FIGS. 2 and 3 are side cross-sectional views each illustrating an example of a weighted ultrasonic probe. FIGS. 2 and 3 illustrate cross-sectional structures in a plane perpendicular to the cross-section in FIG. 1, so that the left-to-right direction in the figures corresponds to the longitudinal direction of piezoelectric unit 2.

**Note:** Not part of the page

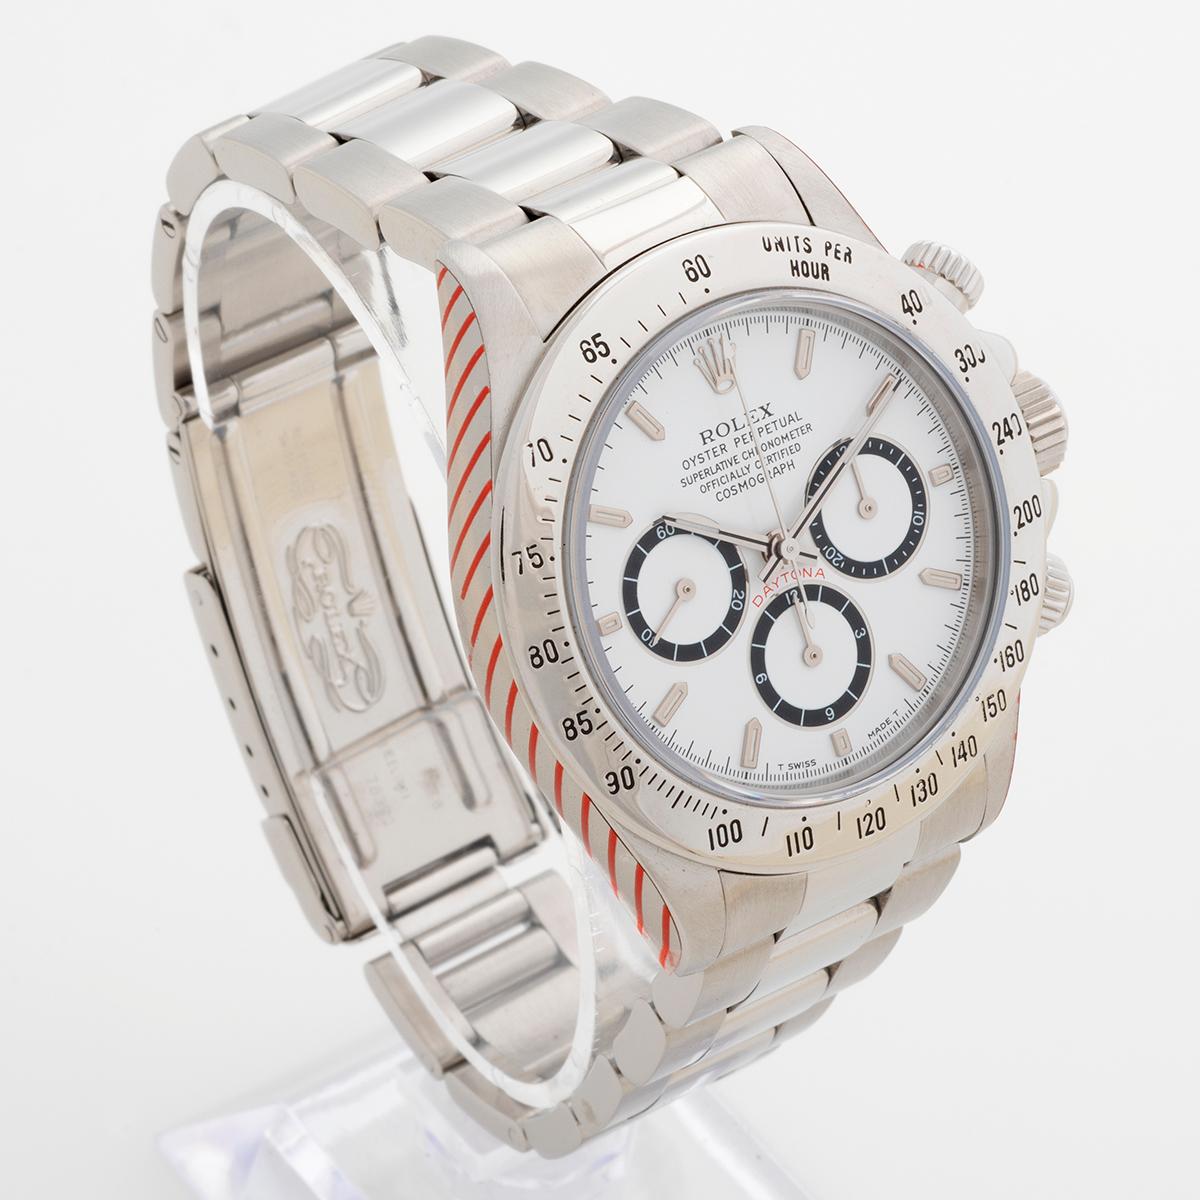 Rolex Daytona Ref 16520, Zenith Movement and White Dial with 'Inverted Six' 1
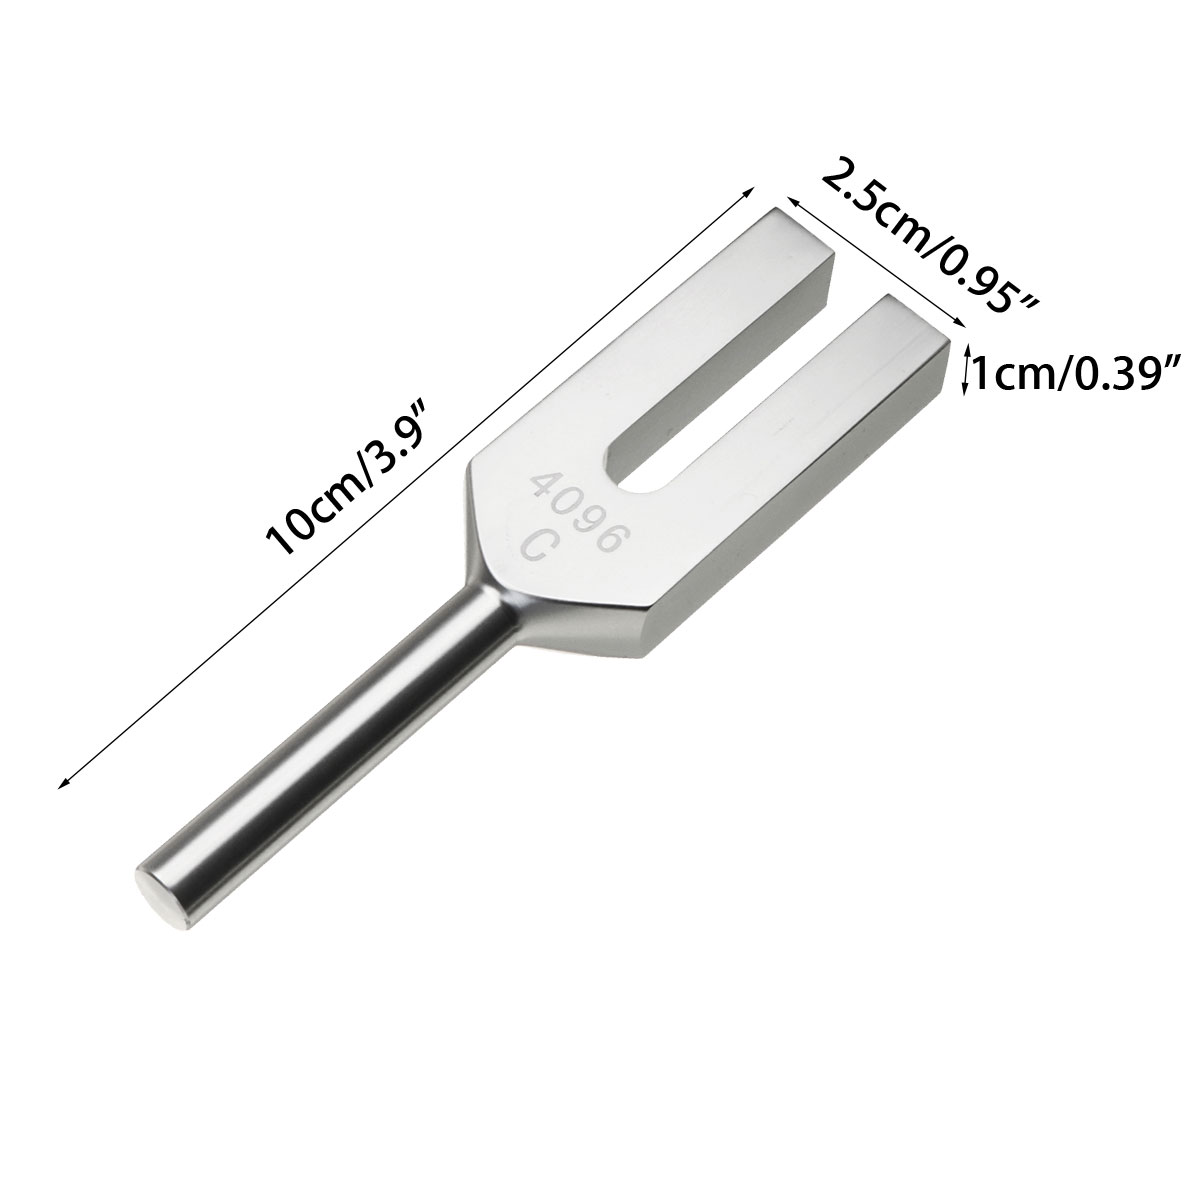 4096Hz-Aluminum-Musical-Tuning-Fork-Instrument-for-Healing-Sound-Vibration-Therapy-Tools-1282655-5

In the ultrasonic probe illustrated in FIG. 2, piezoelectric unit 2 is divided into a plurality of piezoelectric elements in the longitudinal direction. Here, piezoelectric unit 2 is divided into five piezoelectric elements 2d, 2b, 2a, 2c, and 2e, as illustrated in left to right, each of which is weighted. These piezoelectric elements 2a to 2e are electrically connected in parallel with one another. Piezoelectric elements 2a to 2e are weighted such that the degree of polarization is maximized in central piezoelectric element 2a, and becomes gradually smaller toward piezoelectric elements 2d and 2e, respectively, upon the poling process for piezoelectric unit 2. By thus controlling the degree of polarization in piezoelectric elements 2a to 2e, the vibration amplitude is maximized in central piezoelectric element 2a and minimized in piezoelectric elements 2d and 2e at both ends, even if respective piezoelectric elements 2a are applied with the same driving voltage, resulting in a smaller beam width of ultrasonic waves in the longitudinal direction of piezoelectric unit 2 to provide an ultrasonic beam with suppressed side lobes.

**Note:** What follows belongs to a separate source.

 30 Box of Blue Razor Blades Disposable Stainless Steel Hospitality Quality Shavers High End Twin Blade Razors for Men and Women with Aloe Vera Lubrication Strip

Likewise, in the ultrasonic probe illustrated in FIG. 3, piezoelectric unit 2 is divided into a plurality of piezoelectric elements, here, 2d, 2b, 2a, 2c, and 2e. Central piezoelectric element 2a is directly applied with a driving voltage, while the remaining piezoelectric elements 2b to 2e are applied with the driving voltage through respective resistors 6. Here, the resistances of resistors 6 are controlled to supply a maximum current to central piezoelectric element 2a and a minimum current to piezoelectric elements 2d and 2e at both ends. In this way, the vibration amplitude is maximized in central piezoelectric element 2a and minimized in both end piezoelectric elements 2d and 2e, thereby providing an ultrasonic beam with suppressed side lobes.

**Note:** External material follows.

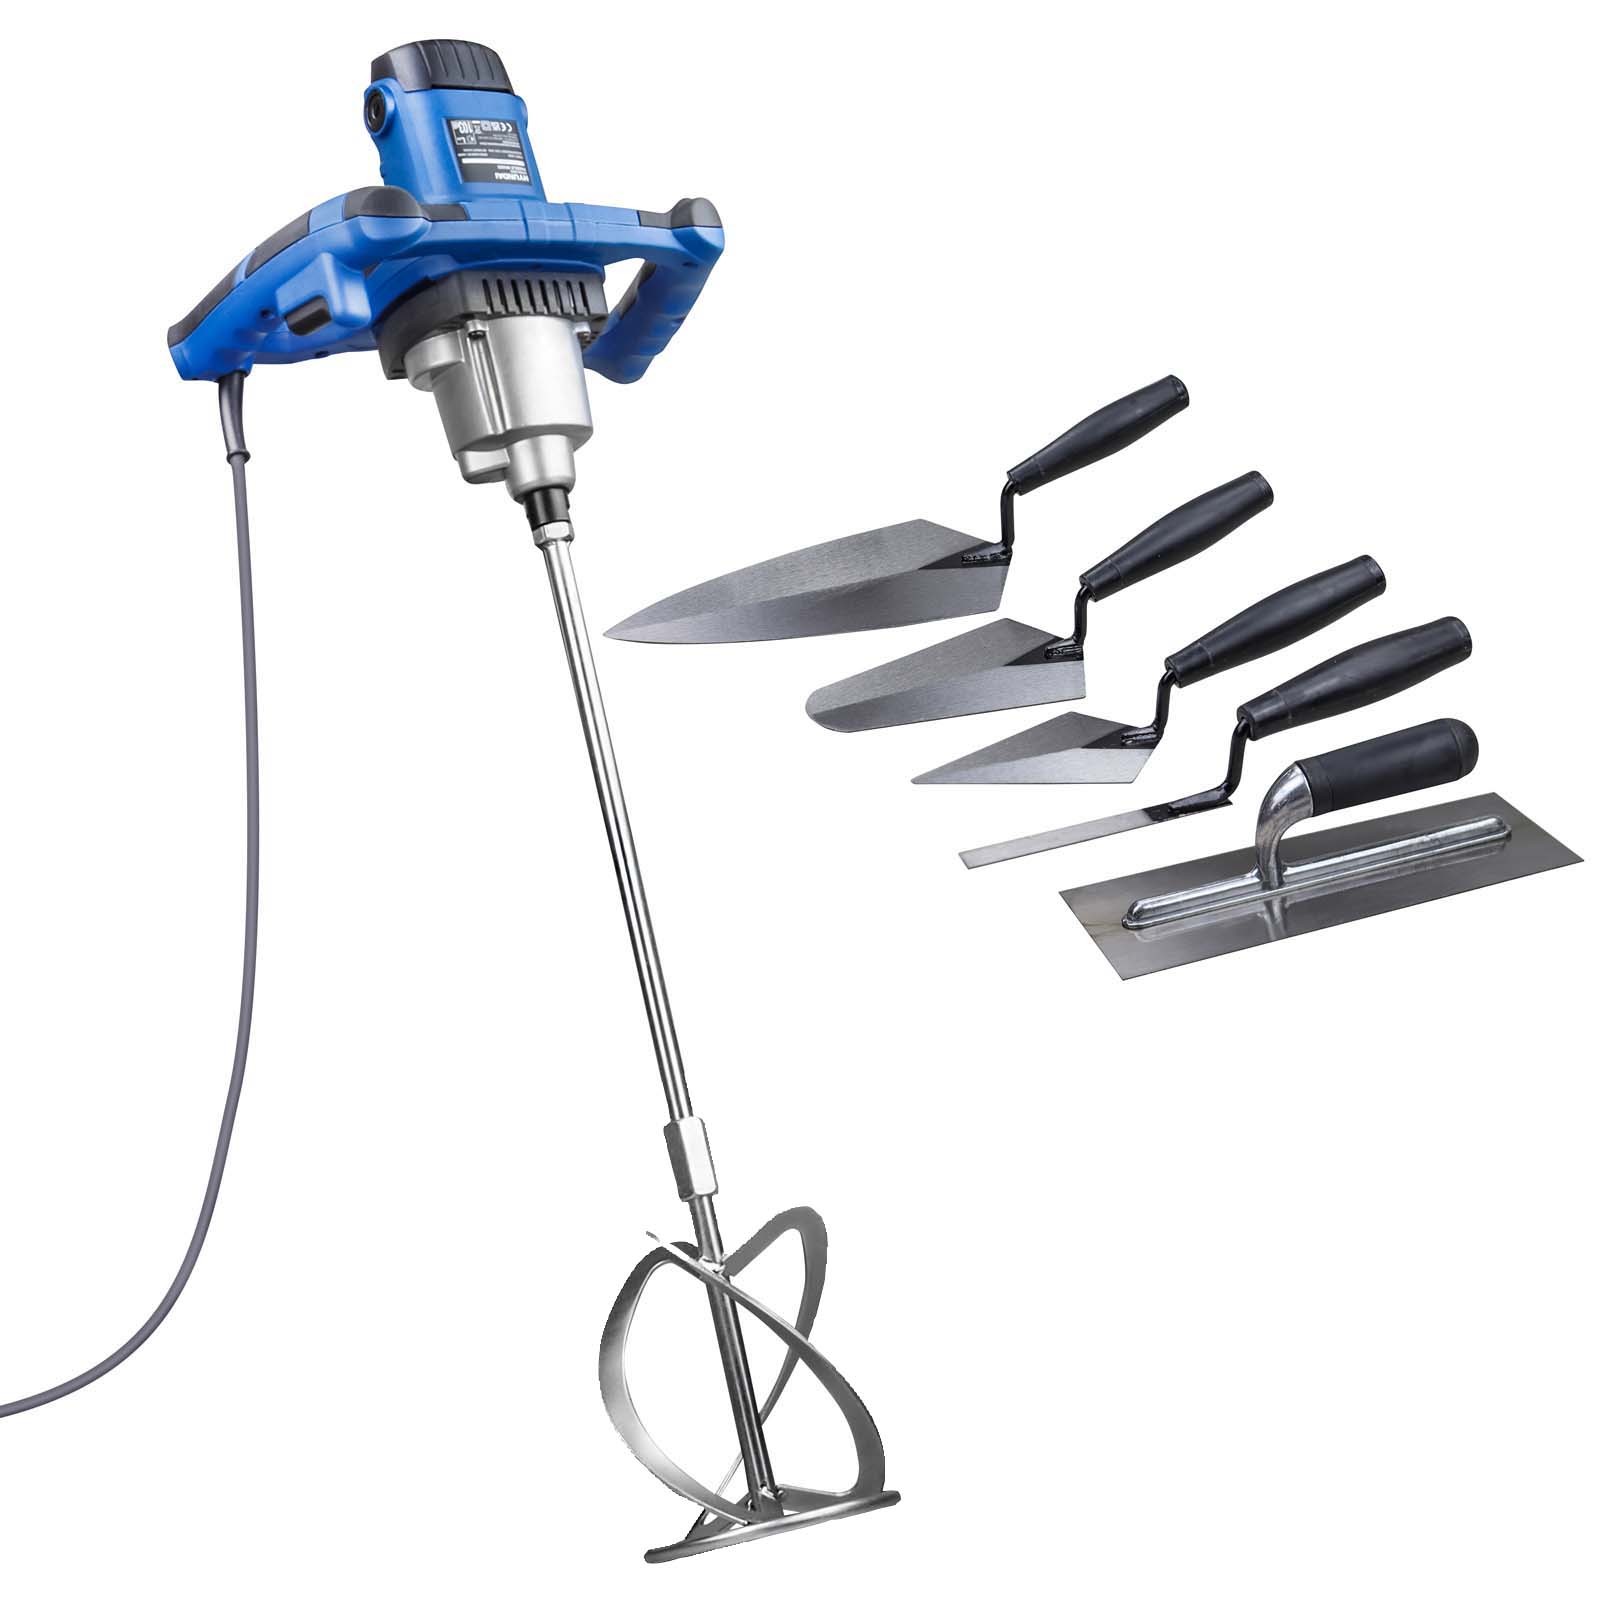 Image of Hyundai HYPM1600E Corded Paddle Mixer with Trowel Set - 1600W

In the foregoing conventional ultrasonic probes, however, the piezoelectric unit must be mechanically divided into a plurality of piezoelectric elements in the longitudinal direction for weighting the piezoelectric unit, giving rise to a problem of complicated manufacturing process. Since a signal line is routed for each piezoelectric element to apply the driving voltage, the resulting ultrasonic probe also has a complicated structure. The complexity of the structure as well as manufacturing process causes a reduction in productivity of the ultrasonic probe. Also, the weighting as mentioned above can only change the vibration amplitude in steps, i.e., on an element-by-element basis, thus failing to sufficiently suppress side lobes. Furthermore, if the piezoelectric elements are weighted by changing the degree of polarization for each piezoelectric element, the ultrasonic probe will experience difficulties in controlling even the vibration amplitude.